Am I headed in the right direction.
Sn + MnO4- --> Sn2+ + Mn2+
Sn --> Sn2+ + 2e-
5e + 8H + MnO4- --> Mn2+ + 4H2O
If Im right what is the whole number that Im multiplying by
12 years ago
1 year ago
To determine the whole number you are multiplying by, you need to balance the redox equation. Let's start by balancing the reduction half-reaction:
Sn → Sn2+ + 2e-
The number of electrons (e-) is already balanced.
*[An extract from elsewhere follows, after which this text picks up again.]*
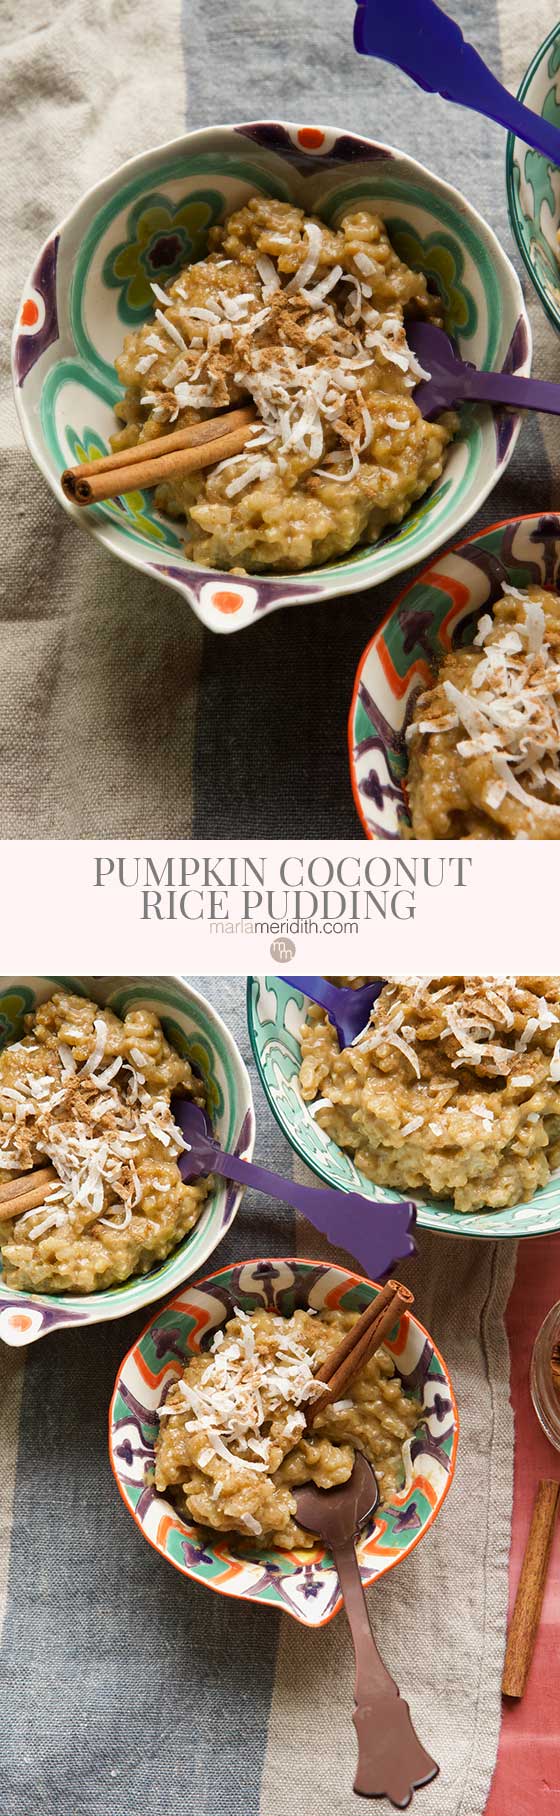 Looking for an easy & delicious recipe that captures all those delicious, cozy fall flavors? Look no further than this Coconut Pumpkin Rice Pudding. It's naturally sweetened with pure maple syrup and is also vegan & gluten free. MarlaMeridith.com

Next, balance the oxidation half-reaction:
5e- + 8H+ + MnO4- → Mn2+ + 4H2O
To balance the number of oxygen (O) atoms, you need to add 4 water (H2O) molecules to the reactant side:
5e- + 8H+ + MnO4- → Mn2+ + 4H2O
Now, the number of oxygen atoms is balanced. To balance the number of hydrogen (H) atoms, you need to add 8 hydrogen ions (H+) to the product side:
5e- + 8H+ + MnO4- → Mn2+ + 4H2O
Finally, balance the charges by adding 5 electrons (e-) to the product side:
Sn → Sn2+ + 2e-
5e- + 8H+ + MnO4- → Mn2+ + 4H2O + 5e-
Now, you can multiply both half-reactions by appropriate numbers to make the number of electrons equal on both sides. In this case, you need to multiply the first half-reaction by 5 and the second half-reaction by 2:
5(Sn → Sn2+ + 2e-)
2(5e- + 8H+ + MnO4- → Mn2+ + 4H2O + 5e-)
After multiplying, you will get the following balanced equation:
5Sn + 2MnO4- + 16H+ → 5Sn2+ + 2Mn2+ + 8H2O
Now, you can see that the whole number you are multiplying by is 5 for Sn.
1 year ago
To balance the given redox reaction:
Sn + MnO4- → Sn2+ + Mn2+
1. Balance the equation for the oxidation half-reaction:
Sn → Sn2+ + 2e-
2. Balance the equation for the reduction half-reaction:
5e + 8H+ + MnO4- → Mn2+ + 4H2O
Now, multiply these half-reactions by the necessary whole numbers to make the number of electrons equal on both sides:
Sn → Sn2+ + 2e- (multiply by 5)
5Sn → 5Sn2+ + 10e-
5e + 8H+ + MnO4- → Mn2+ + 4H2O (multiply by 2)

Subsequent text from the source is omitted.